In regard to the legislative intent in placing the duty of constructing bridges upon the counties, which was first partially effected by the act of 1760, two facts appear:
First. That while the duty in England was upon the in*306habitants to maintain, and they were indictable for a failure to perform, in this state the duty was placed, not upon the inhabitants, but upon the board of chosen freeholders.
Second. While the duty in England was only to repair, the obligation, by our act, is to construct and re-build as well as repair.
These differences are important in determining how far the idea of assimilating the duties of repairing highways and bridges in this state to the English system was in the mind of the legislature’. They would seem to stand opposed to the idea that the English idea of a bridge was imported into our act with the use of the word in this connection.
Again, the history of the legislation in this state stands opposed to this position. ¡
The common law rule as to the duty of repairing highways and bridges was never adopted in this state.
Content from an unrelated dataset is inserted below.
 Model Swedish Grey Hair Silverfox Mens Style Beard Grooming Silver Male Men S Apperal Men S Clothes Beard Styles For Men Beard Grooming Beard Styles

State v. Hudson Co., 1 Vroom 137.
Up to 1760, the obligation to- maintain both was in the same political body. In that year, an act was passed, (2 Nev. 356,) which provided that as there are many bridges * * which cannot be sufficiently repaired by day labor without the assistance of particular handicraftsmen, be it enacted that where there are any bridges, in any of the towns in the counties of Burlington, &c., which cannot well be repaired by day laborers, that the overseer shall contract with tradesmen and have them built, and collect the money from the towns.
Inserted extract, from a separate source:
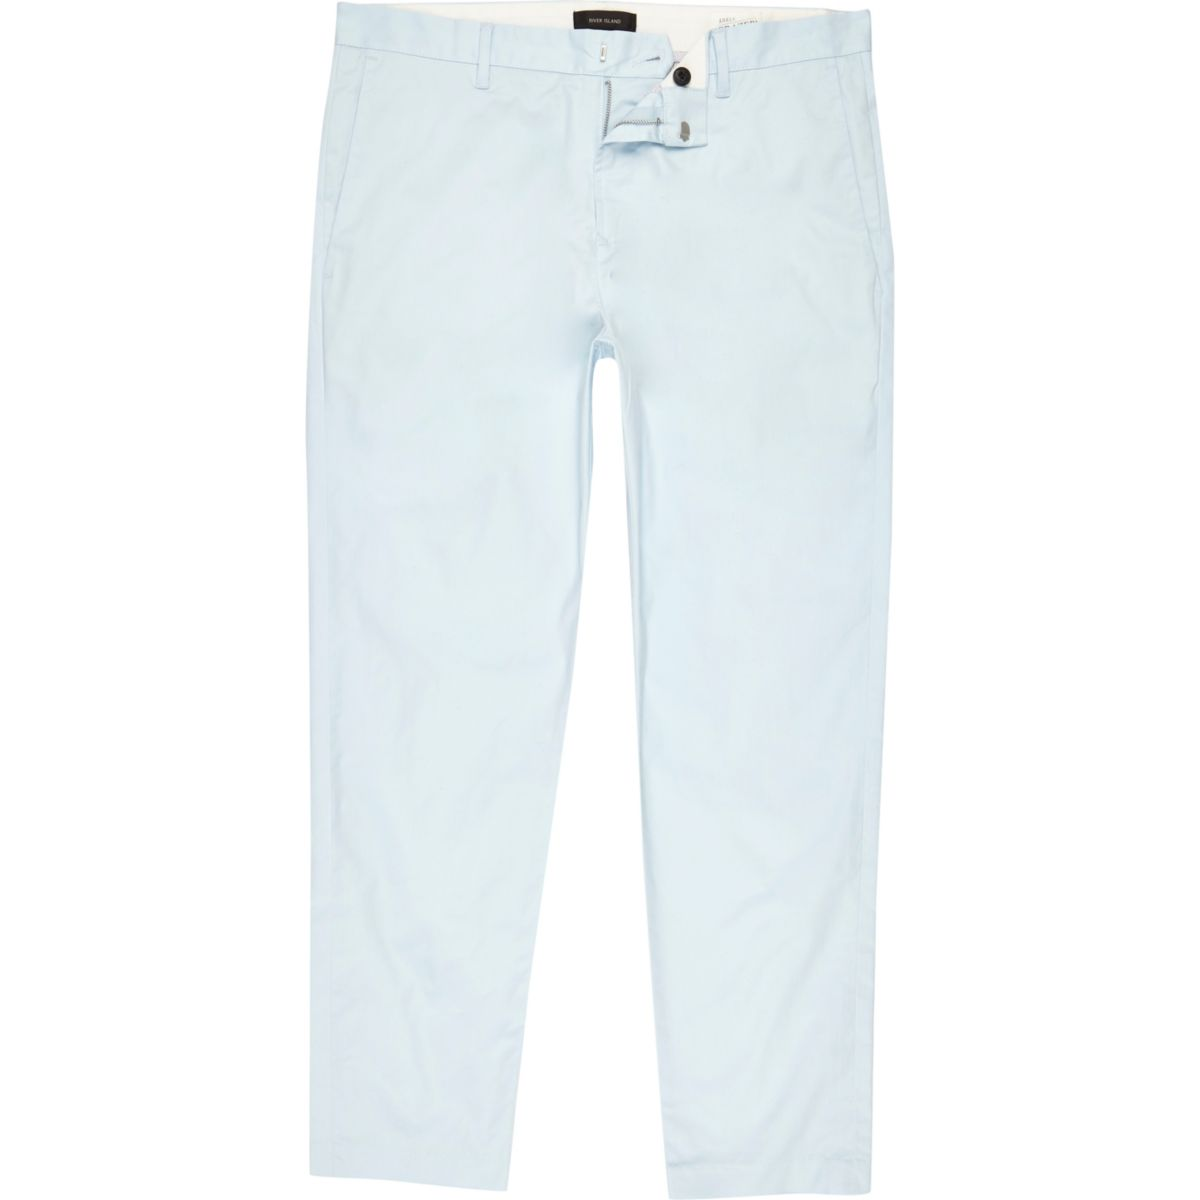 Light blue slim ankle grazer chino trousers

Here it is perceived that the same officer who maintains the highway builds the bridge, and the expense of both was paid by the township.
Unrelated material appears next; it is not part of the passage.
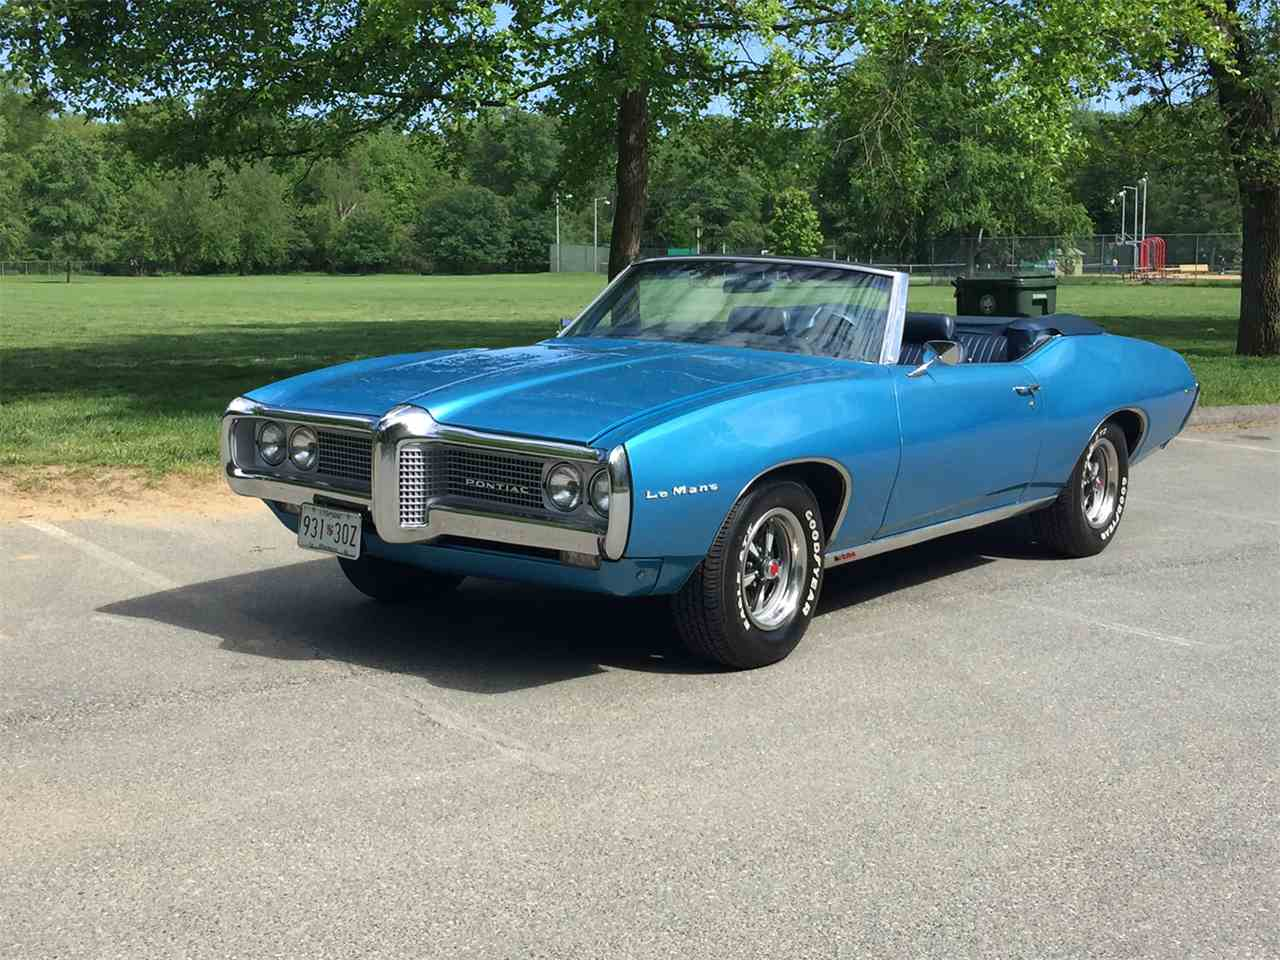 Pontiac LeMans III 1968 - 1972 Cabriolet #1

By the rule already alluded to, these bridges would not be limited to structures spanning water courses.
By the same act, in other counties, it was provided that all bridges requiring handicraft work, should be built, re-built, repaired and amended at the sole charge and expense of the whole county.
It is obvious that in both cases the class of bridges were *307identical, namely, bridges which required skilled labor to construct.
As in the first instance it is apparent the term had its popular signification, I think it follows that we are not justified in giving a different signification to its use in the second instance.
Subsequently came the revolution, and afterwards, in 1794,. our present act concerning freeholders, and in 1798, our act concerning bridges.
I think that the erection which, under these acts, the freeholders can construct, within their discretion, is that which, in the act of 1760, the overseer was authorized to contract for in some counties, and in others the freeholders were authorized to build.
Whenever the structure is such that the ordinary laborer, called upon the road by the overseer, is incompetent to construct, then the freeholders can employ craftsmen and mechanics to execute the work.
Tliis view receives strong corroboration from section thirty eight of the present road act, (Rev., p. 1003,) which provides “ that it shall be the duty of the overseers to hire laborers, * * and to erect such bridges as can be built by common laborers.”
The duty of the overseer in this respect goes no further. If, then, we should limit the authority of the county to the construction of a bridge spanning a water course, there will exist a class of bridges like the one proposed in this resolution, for the construction of which there is no provision. I do not think the contention for such a rule can be supported., and it follows that the structure proposed by the resolution is within the power of the board to erect.
This conclusion is in accordance with that reached by the Vice-Chancellor, in McKinley v. Chosen Freeholders of Union County, 2 Stew. 164.
The proceeding of the board is affirmed, with costs.